The company’s core products fall within the Virtual Router (vRouter) (networking) and Virtual Network Function (VNF) (network virtualization) categories. These software routers typically support standard IP routing protocols such as Border Gateway Protocol (BGP), Open Shortest Path First (OSPF), and static routing, as well as Ethernet-based features like VLANs. On the security side, 6WIND offerings include VPN and IPsec features, often used for secure site-to-site connectivity, secure transport across untrusted networks, or integration with multi-cloud and hybrid cloud topologies. Firewall functionality and traffic filtering are positioned alongside routing, enabling consolidated routing and security functions in a single software instance.

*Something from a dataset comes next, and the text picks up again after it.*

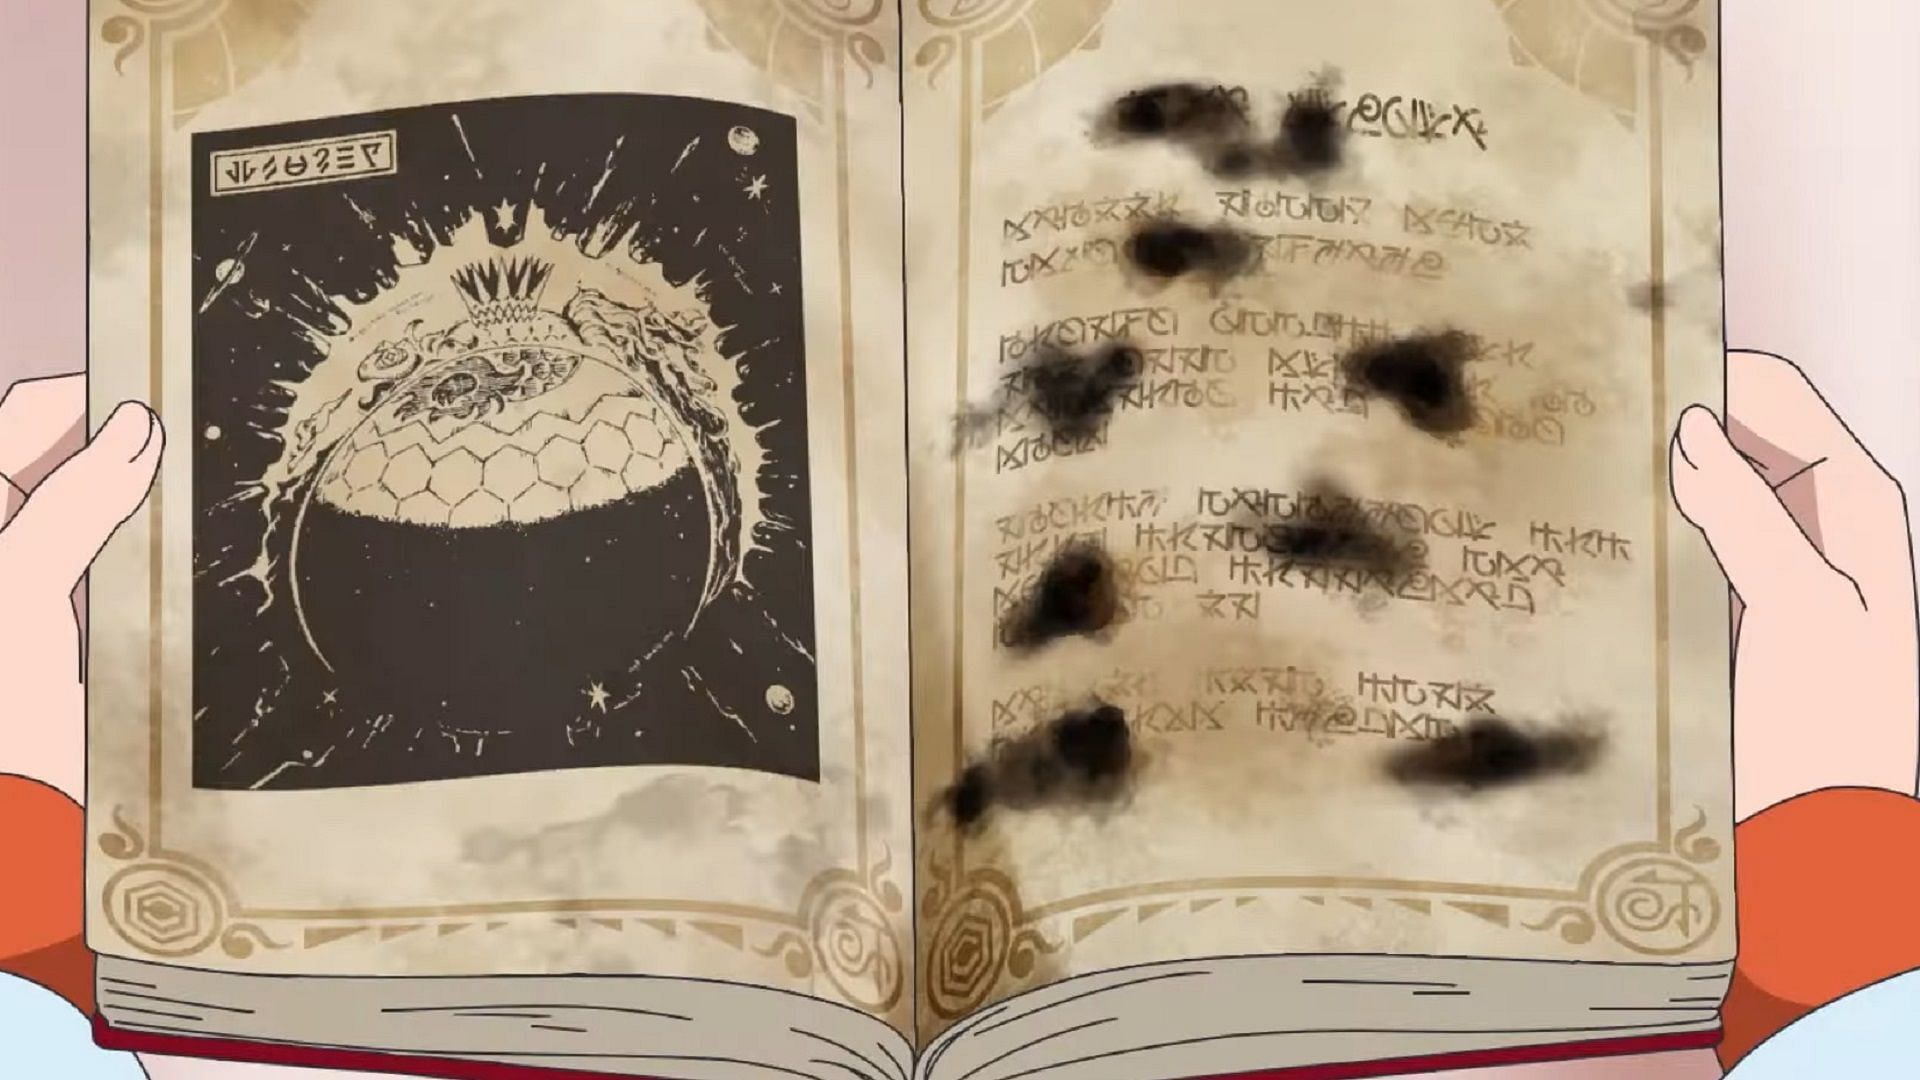 Uno schizzo di una creatura simile a Terapagos nel Libro Scarlatto nell'episodio 56 di Pokemon Horizons. (Immagine tramite The Pokemon Company)

6WIND solutions are designed to be deployed on generic servers and integrated with widely used hypervisors and cloud infrastructures, supporting virtualization frameworks common in data centers and telecom environments. This deployment model allows service providers and enterprises to align routing and security capacity with virtualized compute resources, which can be scaled out by adding more instances or scaled up with additional Central Processing Unit (CPU) cores. The architecture typically emphasizes a separation between the control plane and a high-performance data plane, using Data Plane Development Kit (DPDK) or similar technologies to accelerate packet processing on standard CPUs where supported, while still relying on standard Linux-based environments.
Within enterprise and institutional environments, 6WIND software is positioned for edge routing, aggregation routing, and cloud gateway roles, where high throughput and secure IP connectivity are required but organizations prefer software-based or cloud-deployed network functions over dedicated hardware appliances. Telecom and service provider customers can use 6WIND virtual routers as part of NFV infrastructures, for example as virtual Customer Premises Equipment (CPE) (vCPE), virtual provider edge (vPE), or as components in 5G or broadband access architectures that rely on virtualized network functions.
From a marketplace taxonomy perspective, 6WIND fits into several categories: virtual routing platforms (networking), software-based firewalls and VPN gateways (network security), and NFV/CNF infrastructure components (network virtualization). Its focus on IP routing, Internet Protocol Security VPN (IPSec VPN), and high-throughput packet processing positions its products as options where organizations need carrier-grade routing and security capabilities delivered purely in software, integrated with existing virtualization and cloud ecosystems rather than through proprietary hardware routers.